_THE DATA_
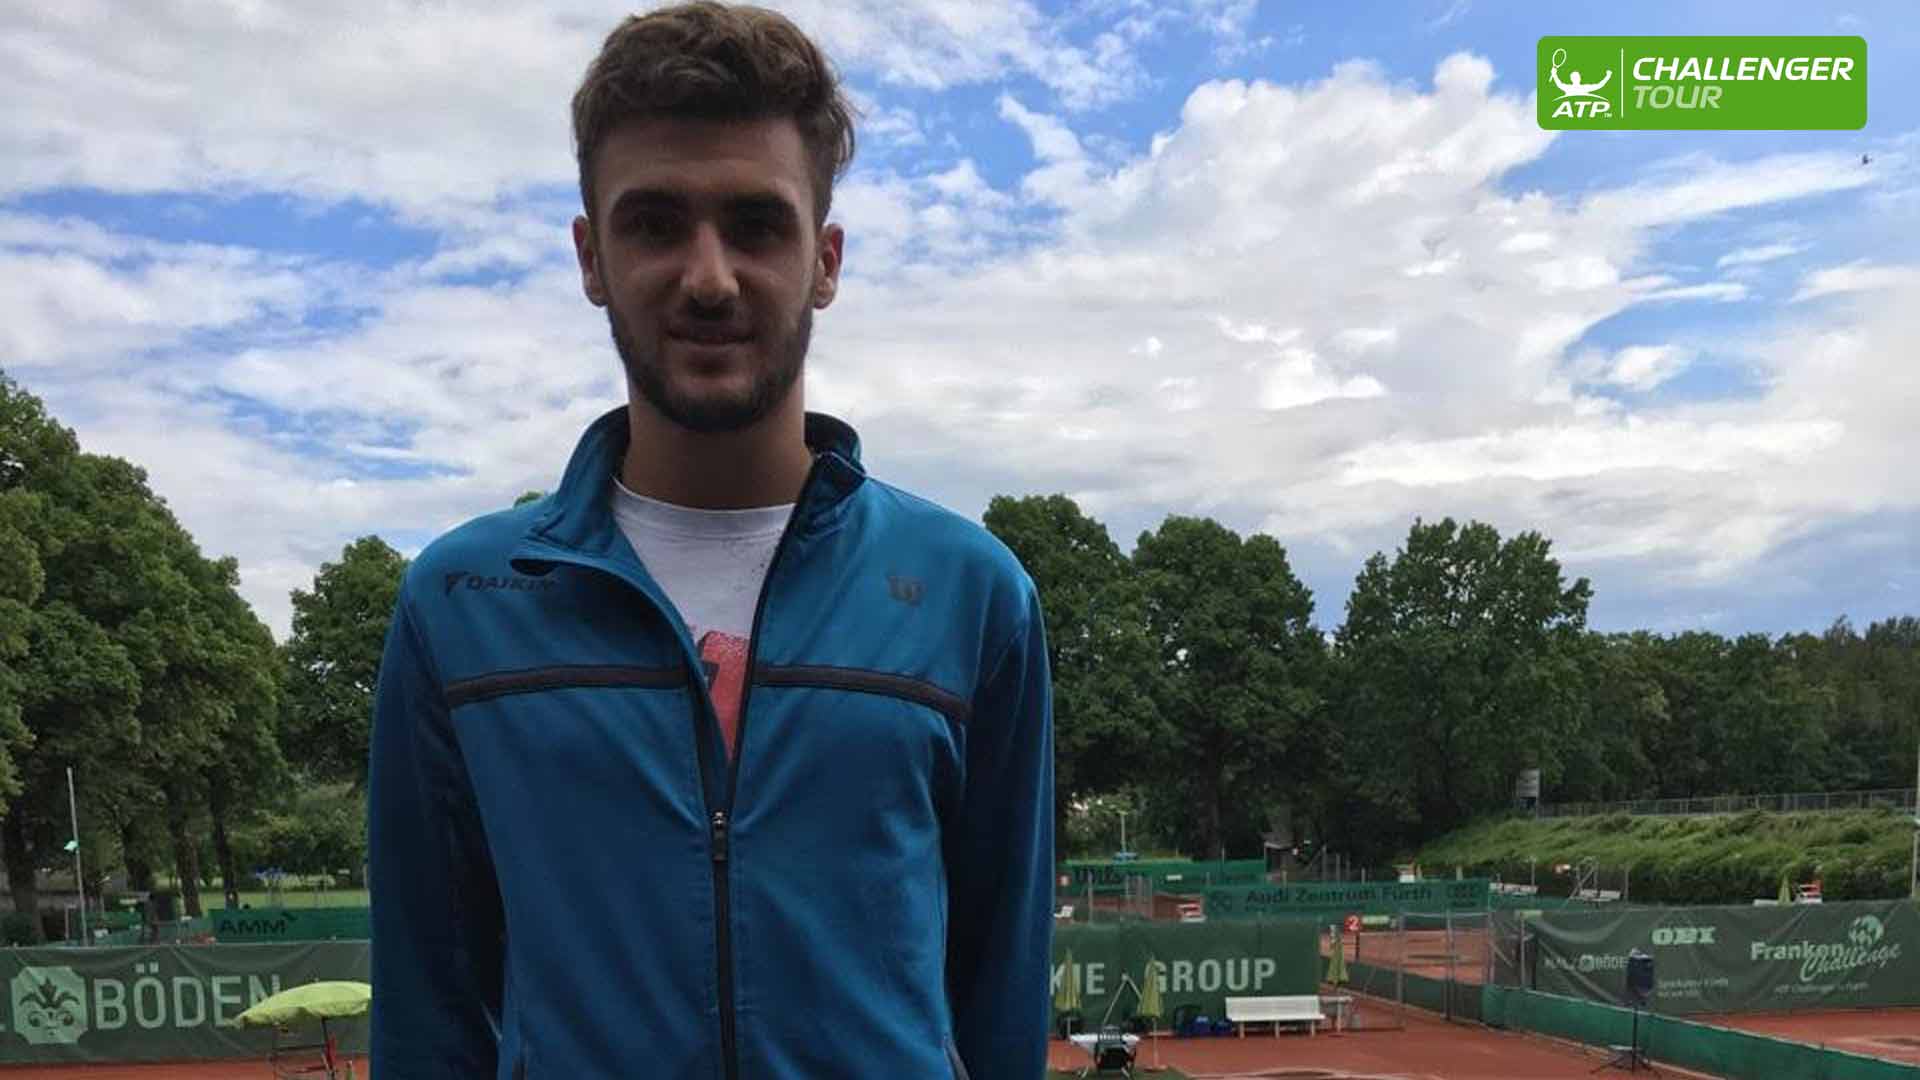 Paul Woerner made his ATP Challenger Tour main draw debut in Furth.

...

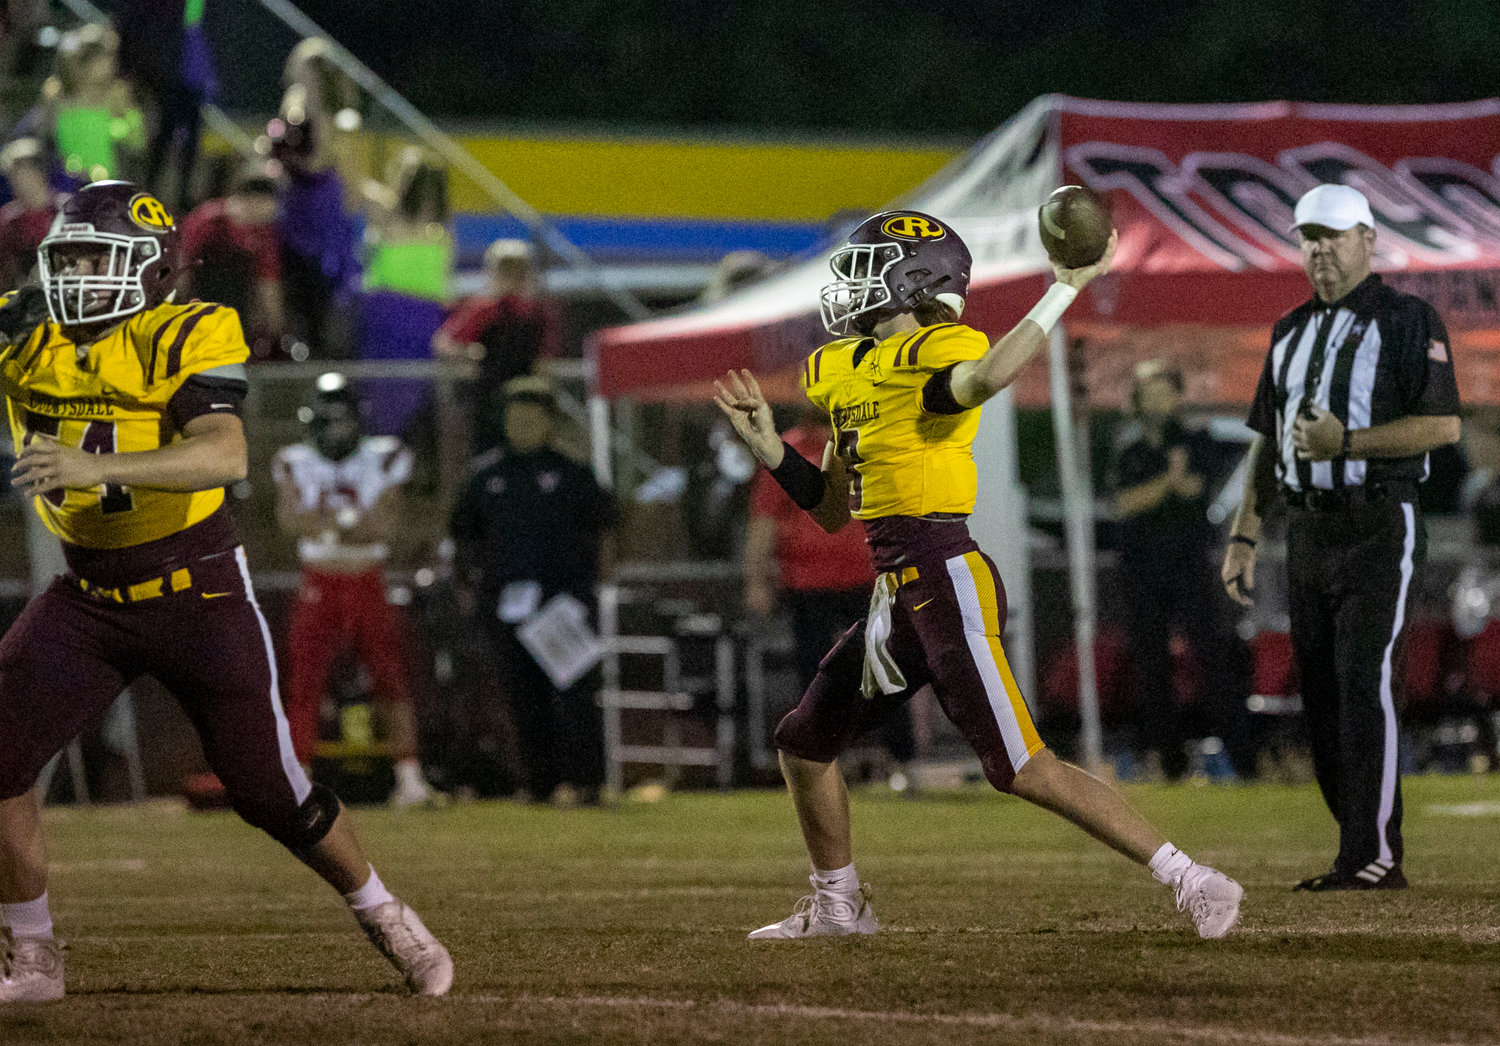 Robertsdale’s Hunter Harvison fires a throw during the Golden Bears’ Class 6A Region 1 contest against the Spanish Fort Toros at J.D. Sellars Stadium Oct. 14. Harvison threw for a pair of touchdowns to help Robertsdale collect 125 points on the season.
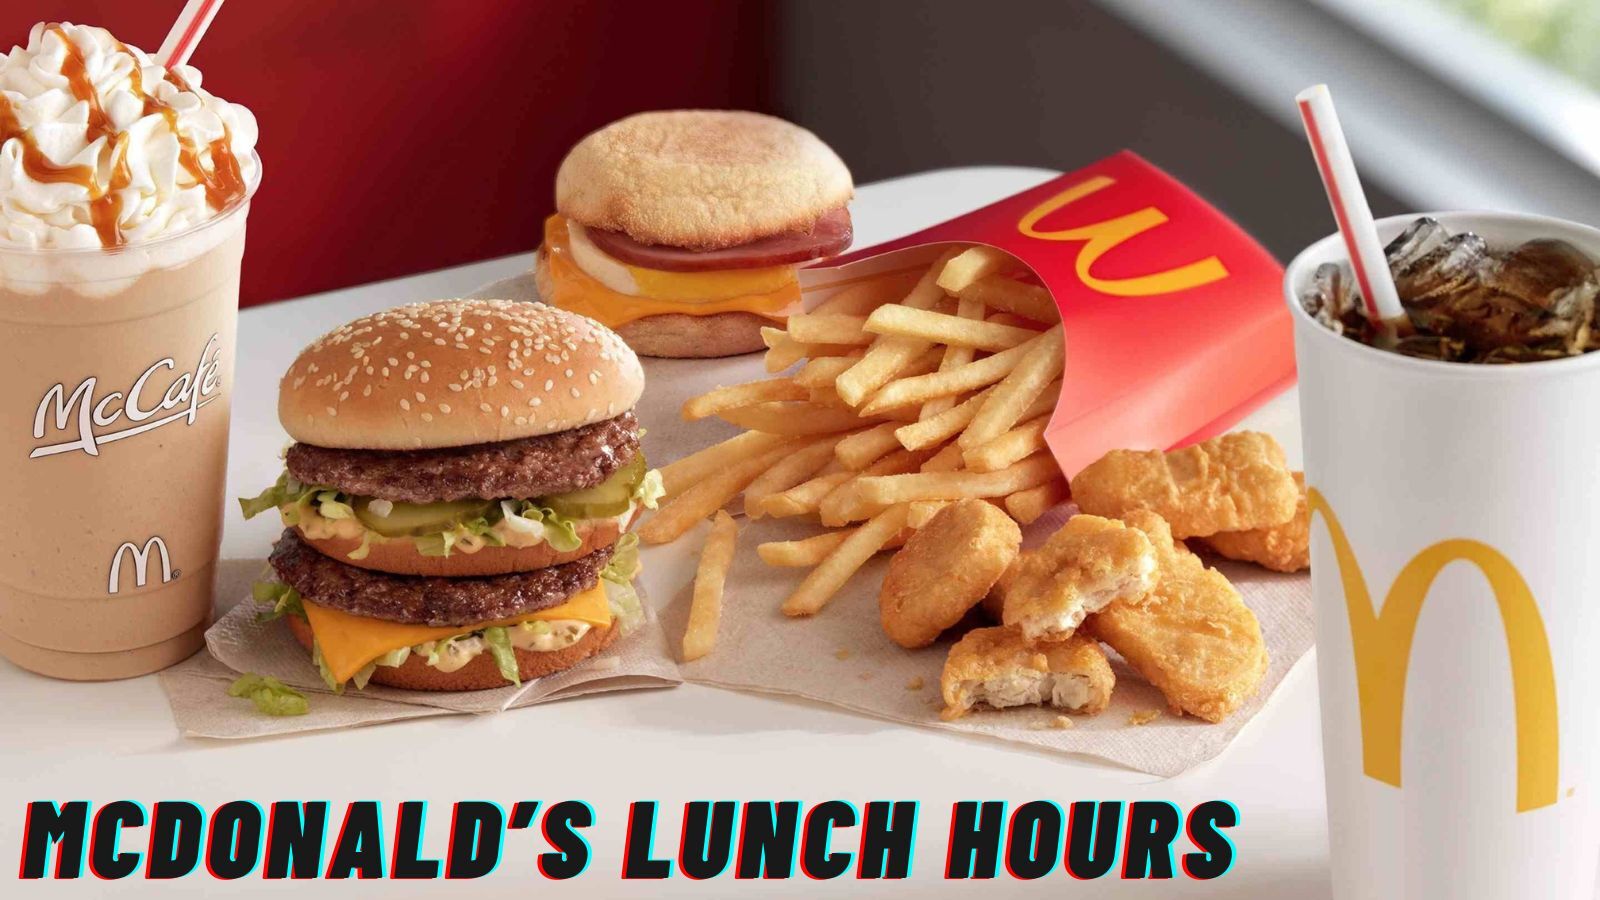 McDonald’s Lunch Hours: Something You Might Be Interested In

* * *

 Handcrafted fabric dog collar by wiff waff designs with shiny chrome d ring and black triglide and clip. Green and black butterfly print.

_EXERCISE DETAILS_
Return exactly the lines that appear in the data above between the line containing "Robertsdale’s Hunter Harvison" and the line containing "McDonald’s Lunch Hours: Something", both of which are included, and leave the pictures out.

_TASK ANSWER_
 Robertsdale’s Hunter Harvison fires a throw during the Golden Bears’ Class 6A Region 1 contest against the Spanish Fort Toros at J.D. Sellars Stadium Oct. 14. Harvison threw for a pair of touchdowns to help Robertsdale collect 125 points on the season.
 McDonald’s Lunch Hours: Something You Might Be Interested In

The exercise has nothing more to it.